The challenge is, that assessing the traffic source, like Google Analytics 4 does, is hard.
For example, if we have a Google Ads click ID, it’s some sort of a paid campaign. But, it could be an ad in an iPhone app or a paid search on google.com. Ok, so we could make a logic that if the referrer contains “google.” and if we have a Google Ads click ID, our traffic channel is “Paid Search”.
Great!
But what if the referrer is not available? Sometimes this happens. Maybe we still have some UTM parameter. But clients use different ones. Some use
utm_medium=cpc - “cost per click”
utm_medium=ppc - “pay per click”
utm_medium=paid
utm_medium=display
utm_medium=performance_max
utm_medium=retargeting
To add more complexity, we must remember that Google My Business links (which are essentially organic search) have google as a referrer, have UTM parameters but are not paid search! The combinations are endless.
Maybe we forgot the UTM medium, but we have a Google Ads tracking template that adds the search term (what they wrote and searched in google.com) into our ads, like
example.com?utm_term=puppy+yoga+near+me
Thats clearly a paid search! Even if your visitor uses a super private browser like Brave, which strips out the Google Ads Click ID’s from from the URL, an AI could see the search term and know traffic channel is “Paid Search” just based on that.
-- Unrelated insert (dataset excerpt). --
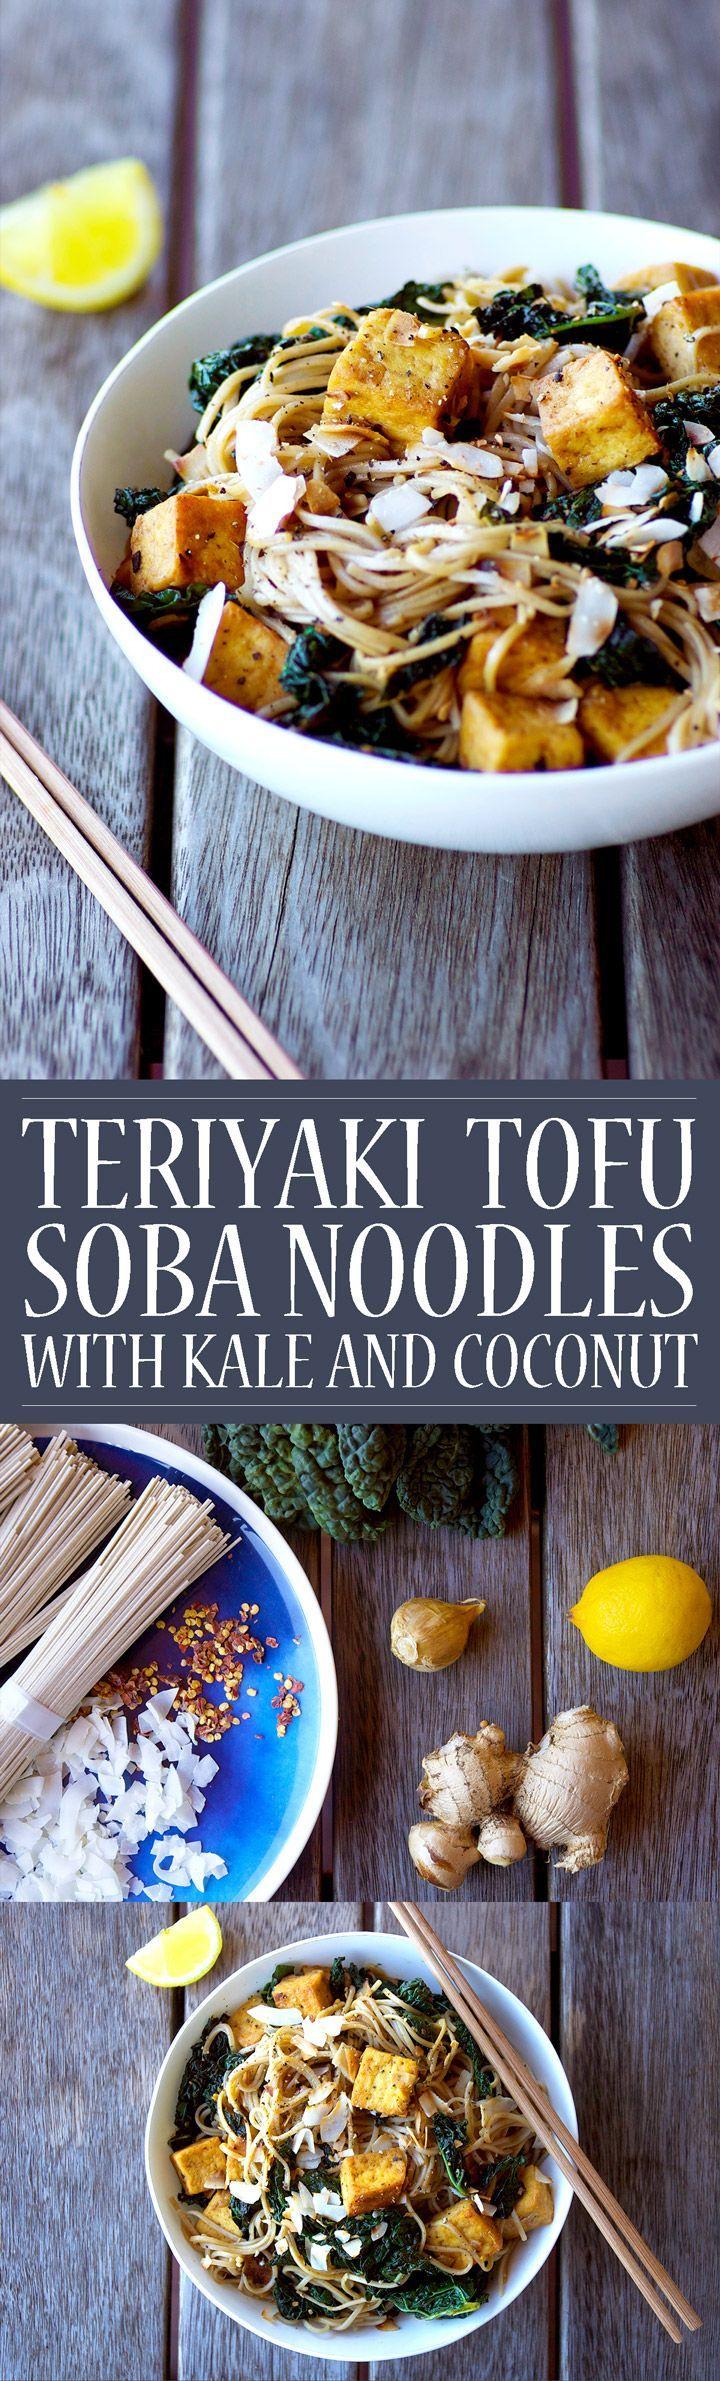 Teriyaki Tofu Soba Noodles with Kale and Coconut! Vegan, gluten free, grain free

No wonder my competitors try using 11000 lines of code to solve it and fail. I use less than 20, just prompt AI what to do.
Next
I’m very curious about AI being able to provide automatic monthly reports based on conversion tracking data. I have tested few tools but so far I have not found anything I’d recommend to my clients. But it’s probably only a matter of time.
At the moment, I love using AI to handle these tiny daily tasks with conversion tracking setups, where if-else logic fails, but are way to boring for humans to do. Imagine going through each of your conversions manually and choosing the best email address to send to Google.